Although studies have shown that compared with entecavir, tenofovir can quickly inhibit virus replication and reduce the level of serum HBsAg. However, some research results have confirmed that the plasma stability of TDF is poor. After entering the human body, TDF is quickly hydrolyzed into TFV (tenofovir, TFV) with low bioavailability. A large amount of TFV accumulates around the proximal tubule, which can cause the damage of proximal tubule mitochondria, thus causing the metabolic disorder of tubular cells, and the decline of renal tubular reabsorption and secretory function. Therefore, CHB patients treated with TDF for a long time will have varying degrees of renal function damage. Young Eun Chon report [50]that long-term use of TDF may result in slow decline of renal function compared with ETV. Therefore, if the patient needs long-term treatment, the patient’s renal function must be monitored. The results of this study showed that after 6 months of treatment, the level of Cr in TDF group was higher and the GFR was lower than that in control group and ETV group. According to Chan young Jung’study [51], the risk of renal function decline of TDF is higher than that of ETV during the treatment of patients with CHB. In this study, there were significant changes in renal function indexes in TDF group. The contrast agent and chemotherapy drugs used in TACE treatment will affect the renal function of patients. During the follow-up of patients, the enhanced CT examination may also affect the renal function of patients every 6–8 weeks. In TDF group, patients received TACE 1–3 times and CT 3–4 times within 6 months. This is similar to control group and ETV group, with no significant difference. Therefore, the main possible reason for the change of renal function in TDF group is the use of tenofovir. Although changes in renal function parameters occurred in TDF group, they were slight and did not affect the continuation of treatment.
Conclusion
For advanced hepatocellular carcinoma associated with hepatitis B, TACE combined with antiviral therapy is a recommended treatment regimen in patients without contraindications to TACE. TACE combined with entecavir and TACE combined with tenofovir had higher ORR and DCR, longer OS and PFS than that of TACE alone. TACE combined with tenofovir has longer OS than TACE combined with entecavir, which is a recommended combination. Tenofovir has a slight impact on renal function and does not affect the continuation of treatment. TACE combined with tenofovir is a safe strategy, but we cannot completely ignore the impact of tenofovir on renal function. We suggest that the renal function of patients should be monitored regularly during TACE combined with tenofovir treatment if necessary.
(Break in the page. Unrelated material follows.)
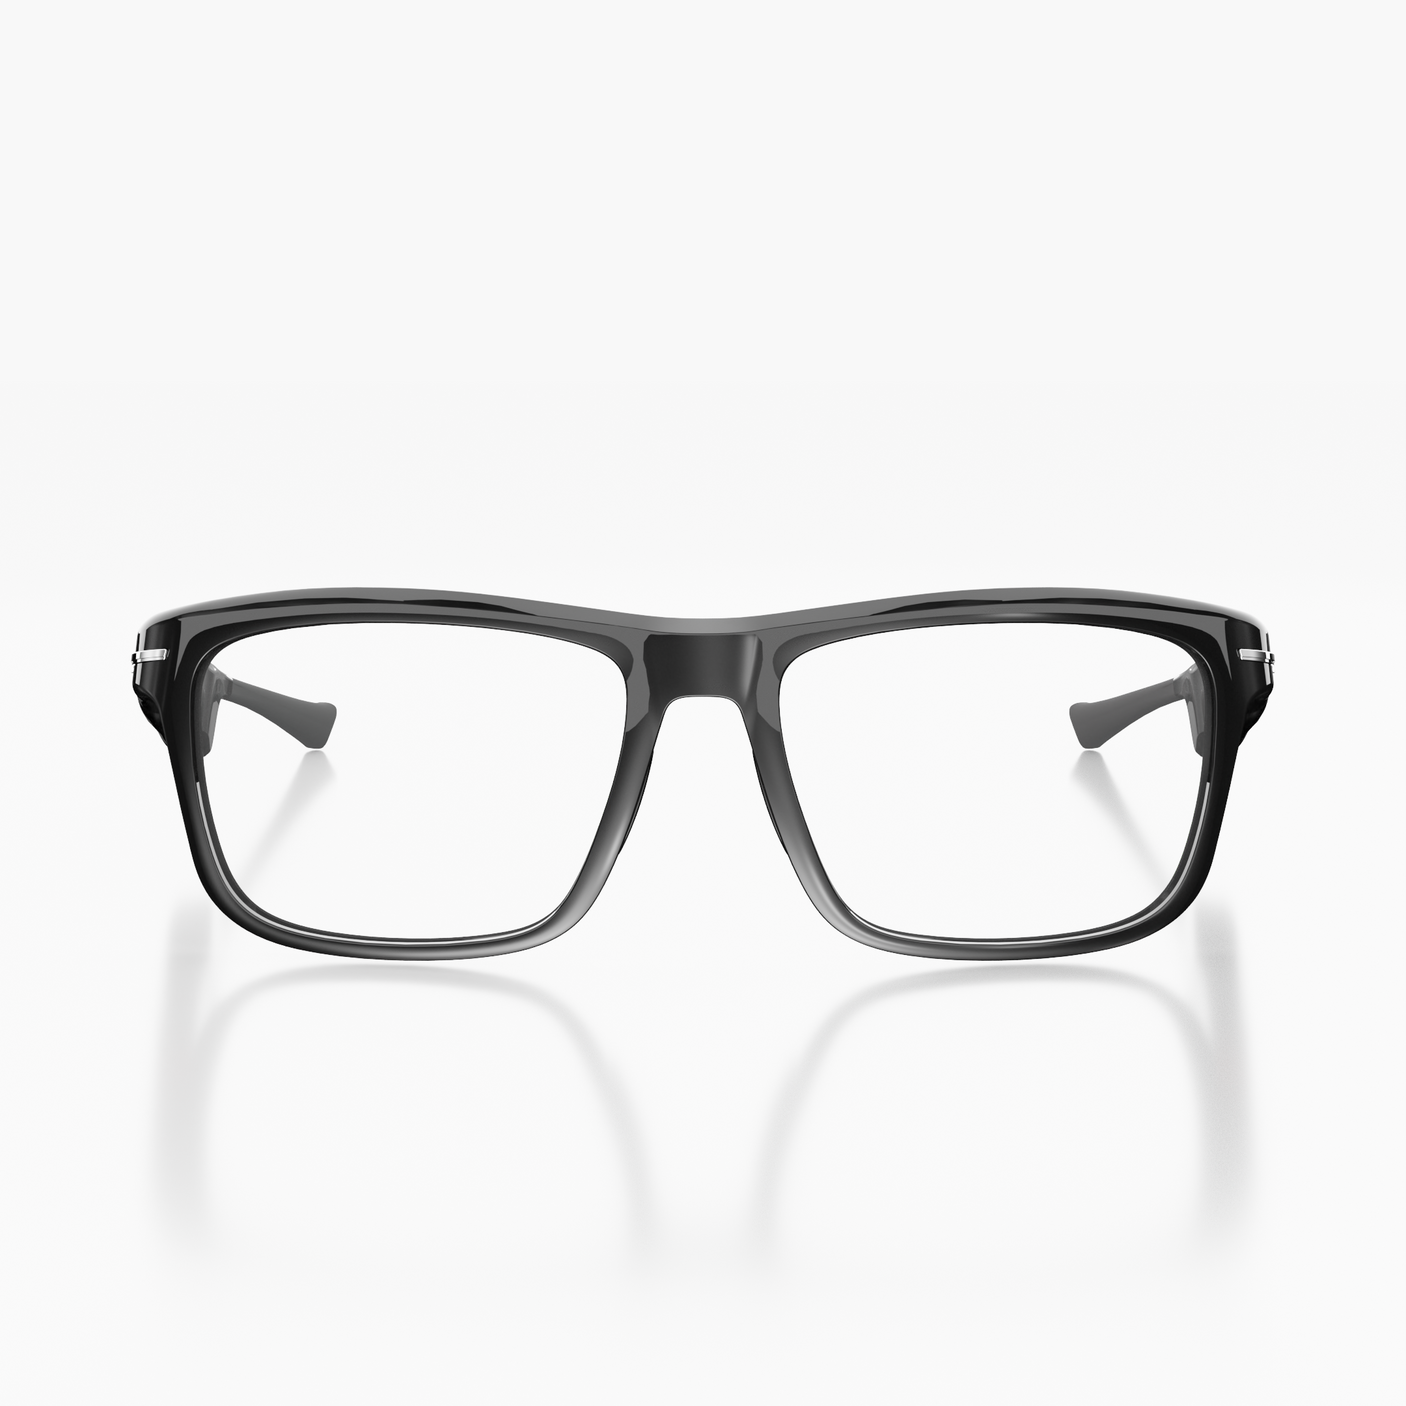 Argon X Photochromic Smartglasses | solos AirGo™ 3

The shortcoming of this study is that the data are from a single center. As a result, it is a retrospective study with limited sample size. It is feasible for the prospective study with multicenter and large-sample at a later stage, which will provide more help for clinical work.
Data Availability
The datasets used and analysed during the current study are available from the corresponding author on reasonable request.
References
Li H, Guo WM, Xie Q, Sun X, Wang Q. Clinical characteristics and survival analysis of patients with hepatocellular carcinoma after hepatitis B virus turning negative. Adv Clin Exp Med. 2022 Mar 18. https://doi.org/10.17219/acem/146859. Epub ahead of print. PMID: 35302303.
Xia R, Peng J, He J, Jiang P, Yuan C, Liu X, Yao Y. The Serious Challenge of Occult Hepatitis B Virus Infection-Related Hepatocellular Carcinoma in China.Front Microbiol. 2022 Feb7;13:840825. https://doi.org/10.3389/fmicb.2022.840825. PMID: 35197961; PMCID: PMC8859271.
Kaur SP, Talat A, Karimi-Sari H, Grees A, Chen HW, Lau DTY, Catana AM. Hepatocellular Carcinoma in Hepatitis B Virus-Infected Patients and the Role of Hepatitis B Surface Antigen (HBsAg). J Clin Med. 2022 Feb 21;11(4):1126. https://doi.org/10.3390/jcm11041126. PMID: 35207397; PMCID: PMC8878376.
Sivasudhan E, Blake N, Lu Z, Meng J, Rong R, Hepatitis B. Viral Protein HBx and the Molecular Mechanisms Modulating the Hallmarks of Hepatocellular Carcinoma: A Comprehensive Review. Cells. 2022 Feb 21;11(4):741. https://doi.org/10.3390/cells11040741. PMID: 35203390; PMCID: PMC8870387.
Kotsifa E, Vergadis C, Vailas M, Machairas N, Kykalos S, Damaskos C, Garmpis N, Lianos GD, Schizas D. Transarterial Chemoembolization for Hepatocellular Carcinoma: Why, When, How? J Pers Med. 2022 Mar 10;12(3):436. https://doi.org/10.3390/jpm12030436. PMID: 35330436; PMCID: PMC8955120.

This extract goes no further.